Perform the following steps to retrieve the admin access token and the Admin Portal URL:

  1. Use the following command to retrieve the admin access token:

    kubectl get secret kubeslice-rbac-rw-admin -o jsonpath="{.data.token}" -n kubeslice-avesha | base64 --decode

    Example Output:

    eyJhbGciOiJSUzI1NiIsImtpZCI6IjE2YjY0YzYxY2E3Y2Y0Y2E4YjY0YzYxY2E3Y2Y0Y2E4YjYiLCJ0eXAiOiJKV1QifQ.eyJpc3MiOiJrdWJlcm5ldGVzL3NlcnZpY2UtYWNjb3VudCIsImt1YmVybmV0ZXM6c2VydmljZS1hY2NvdW50Om5hbWUiOiJrdWJlc2xpY2UtcmJhYy1ydy1hZG1pbiIsImt1YmVybmV0ZXM6c2VydmljZS1hY2NvdW50OnVpZCI6Ijg3ZjhiZjBiLTU3ZTAtMTFlYS1iNmJlLTRmNzlhZTIyMWI4NyIsImt1YmVybmV0ZXM6c2VydmljZS1hY2NvdW50OnNlcnZpY2UtYWNjb3VudC51aWQiOiI4N2Y4YmYwYi01N2UwLTExZWEtYjZiZS00Zjc5YWUyMjFiODciLCJzdWIiOiJzeXN0ZW06c2VydmljZWFjY291bnQ6a3ViZXNsaWNlLXJiYWMtcnctYWRtaW4ifQ.MEYCIQDfXoX8v7b8k7c3
    4mJpXHh3Zk5lYzVtY2Z0eXlLQAIhAJi0r5c1v6vUu8mJxYv1j6Kz3p7G9y4nU5r8yX9fX6c
  2. Use the following command to access the Load Balancer IP:

    Example

    kubectl get svc -n kubeslice-controller | grep kubeslice-ui-proxy

    Example Output

    NAME                                                      TYPE           CLUSTER-IP    EXTERNAL-IP    PORT(S)         AGE
    kubeslice-ui-proxy LoadBalancer 10.96.2.238 172.18.255.201 443:31751/TCP 24h

Note down the LoadBalancer external IP of the kubeslice-ui-proxy pod. In the above example, 172.18.255.201 is the external IP. The EGS Portal URL will be https://<ui-proxy-ip>.

Upload Custom Pricing for Cloud Resources

To upload custom pricing for cloud resources, you can use the custom-pricing-upload.sh script provided in the EGS installation repository. This script allows you to upload custom pricing data for various cloud resources, which can be used for cost estimation and budgeting. Ensure you have installed curl to upload the CSV file.

To upload custom pricing data:

  1. Navigate to the cloned egs-installation repository and change the file permission using the following command:

    chmod +x custom-pricing-upload.sh
  2. Use the customer-pricing-data.yaml file to specify the custom pricing data.

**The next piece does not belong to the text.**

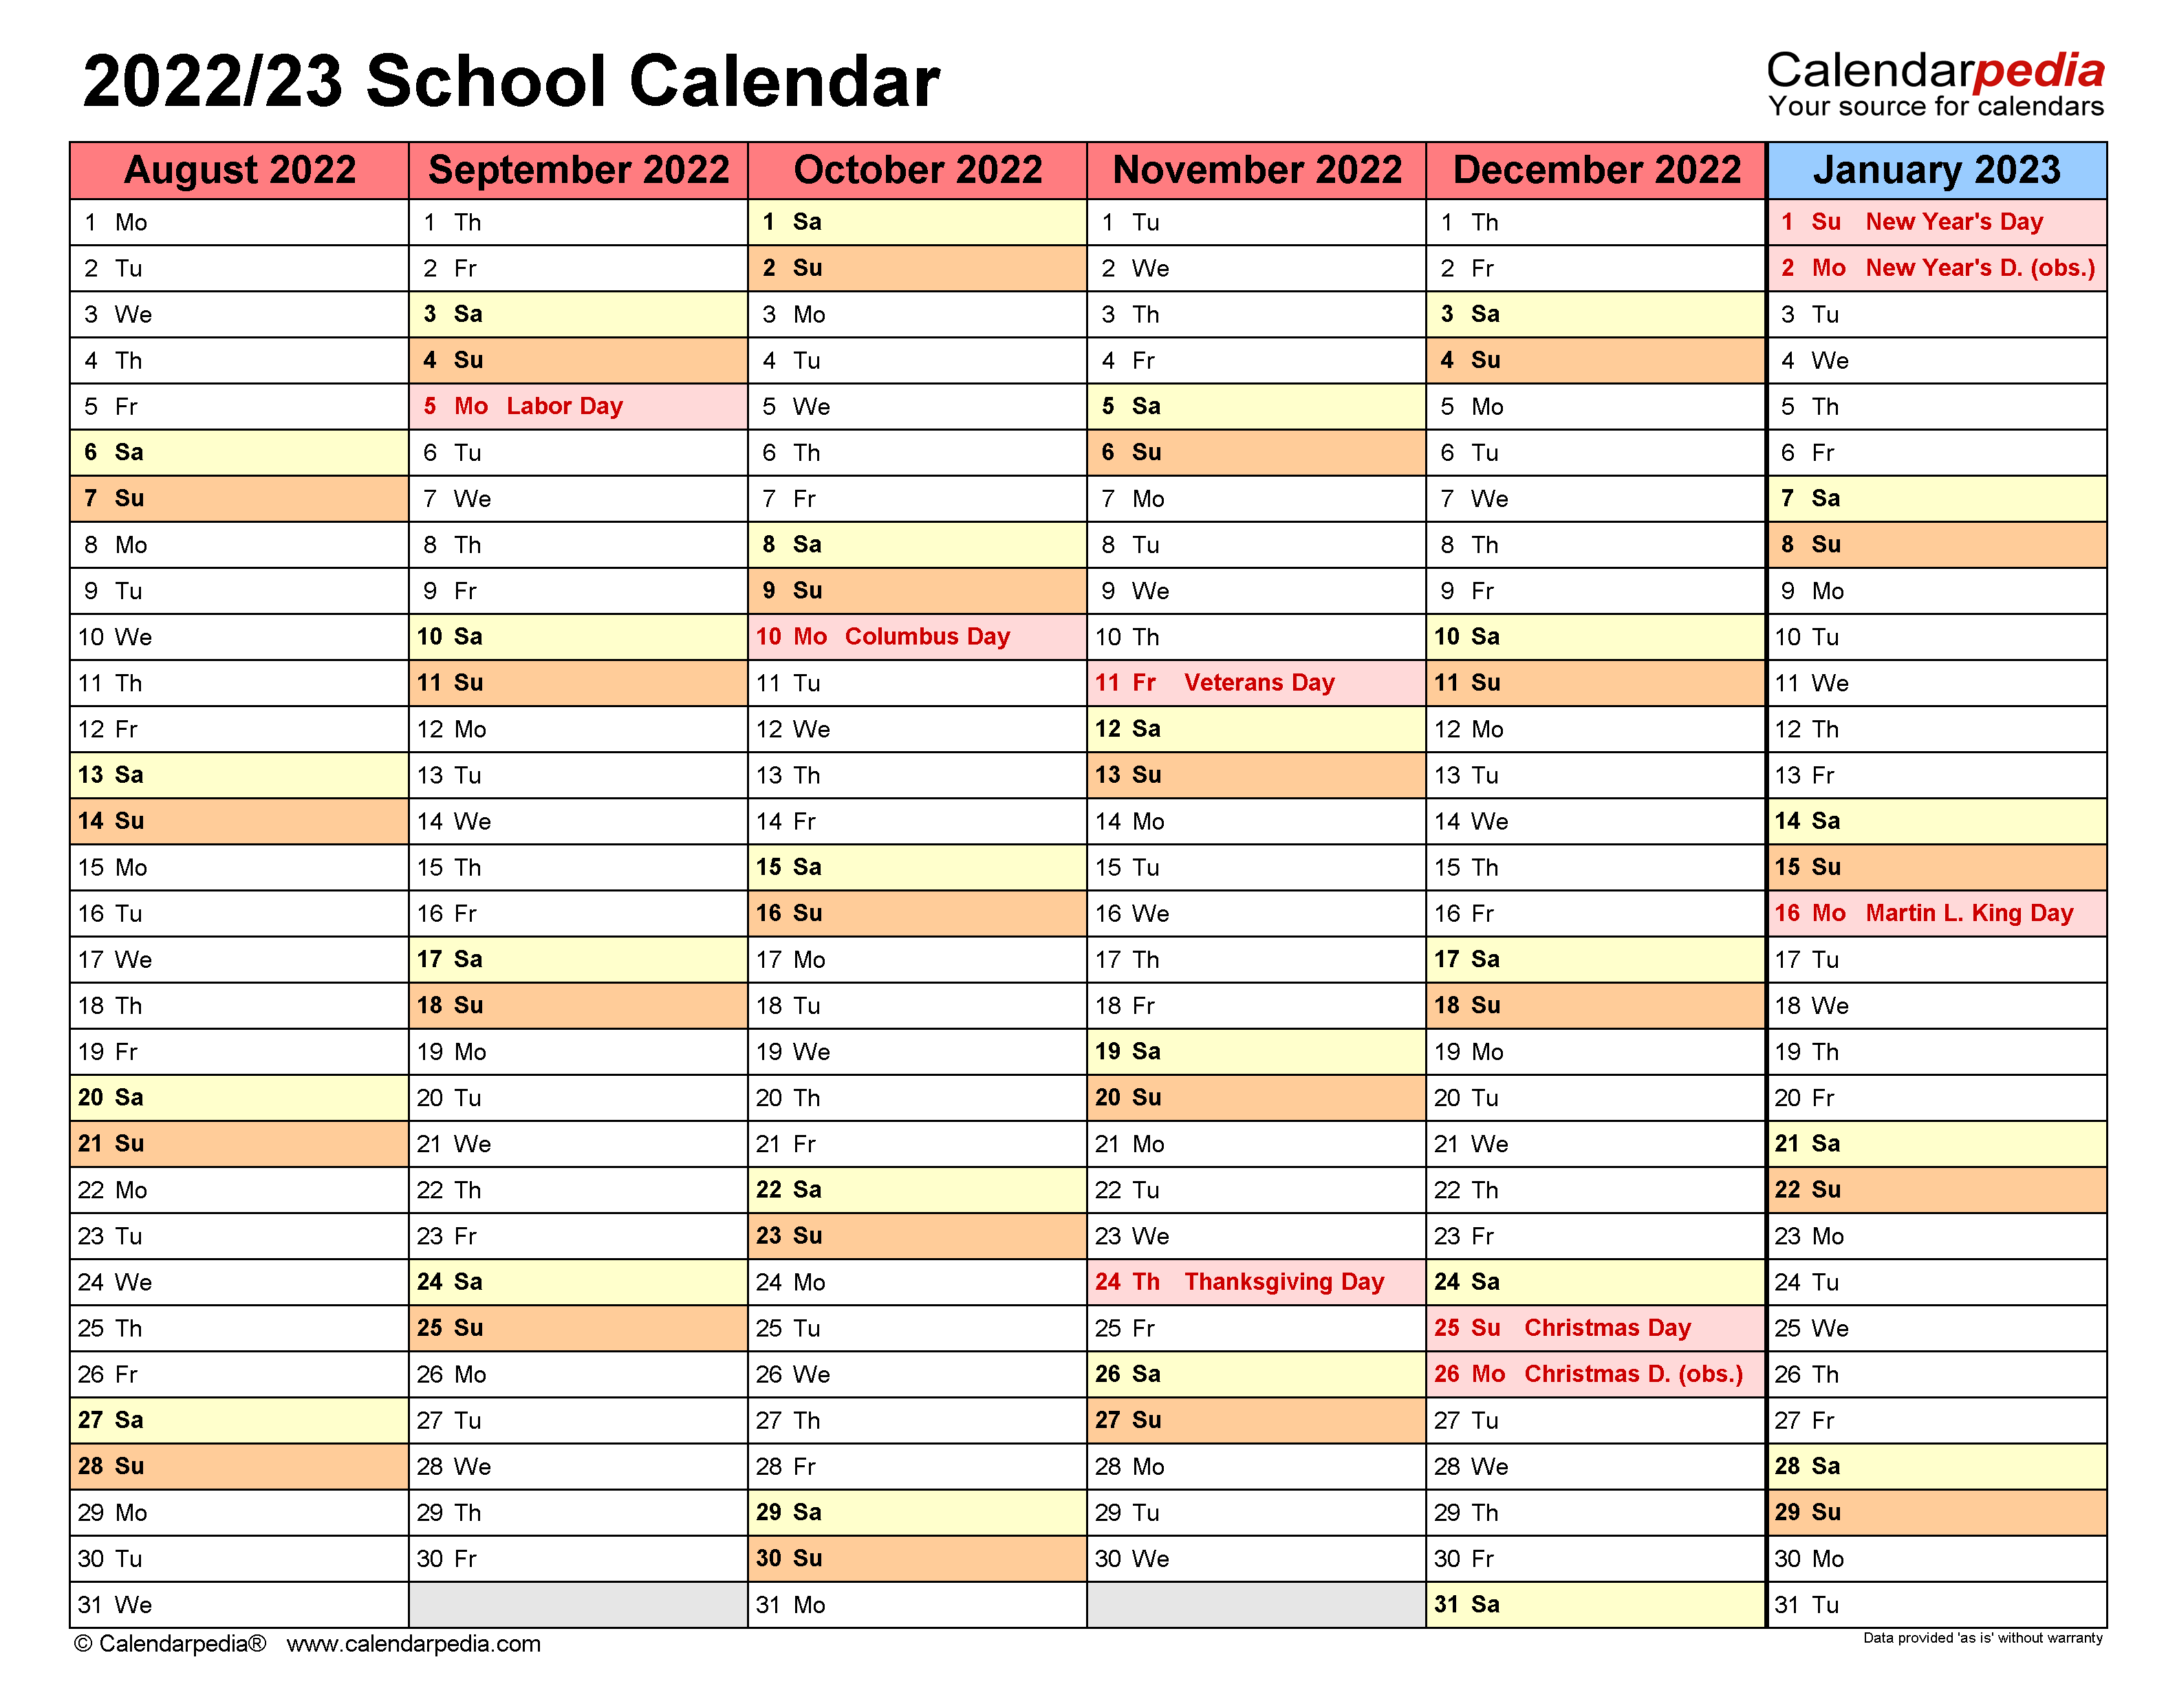 Basis Mclean Calendar 20222023

The file should contain the following structure:

    kubernetes:
    kubeconfig: "" #absolute path of kubeconfig
    kubecontext: "" #kubecontext name
    namespace: "kubeslice-controller"
    service: "kubetally-pricing-service"

    #we can add as many cloud providers and instance types as needed
    cloud_providers:
    - name: "gcp"
    instances:
    - region: "us-east1"
    component: "Compute Instance"
    instance_type: "a2-highgpu-2g"
    vcpu: 1
    price: 20
    gpu: 1
    - region: "us-east1"
    component: "Compute Instance"
    instance_type: "e2-standard-8"
    vcpu: 1
    price: 5
    gpu: 0
  3. Run the script to upload the custom pricing data:

    ./custom-pricing-upload.sh 

This script automates the process of loading custom cloud pricing data into the pricing API running inside a Kubernetes cluster.

Script Workflow:

  • Reads the cluster connection details (kubeconfig, context) from the YAML input file.

  • Identifies the target service and its exposed port (for example, kubetally-pricing-service:80).

  • Selects a random available local port on the host machine.

  • Establishes a port-forwarding tunnel from the selected local port to the Kubernetes service. Runs in the background to keep the tunnel active during upload.

  • Converts the pricing data from YAML format into CSV format for API ingestion.

  • Uploads the generated CSV file to the pricing API at:

    http://localhost:<random_port>/api/v1/prices

Uninstall EGS

The uninstallation script removes all resources associated with EGS, including:

  • Workspaces
  • GPU Provision Requests (GPRs)
  • All custom resources provisioned by EGS
warning

Before running the uninstallation script, ensure that you have backed up any important data or configurations. The script will remove all EGS-related resources, and this action cannot be undone.

Use the following command to uninstall EGS:

./egs-uninstall.sh --input-yaml egs-installer-config.yaml

Troubleshooting

  • Missing Binaries

    Ensure all required binaries are installed and available in your system’s PATH.

  • Cluster Access Issues

    Verify that your kubeconfig files are correctly configured so the script can access the clusters defined in the YAML configuration.

  • Timeout Issues

    If a component fails to install within the specified timeout, increase the verify_install_timeout value in the YAML file.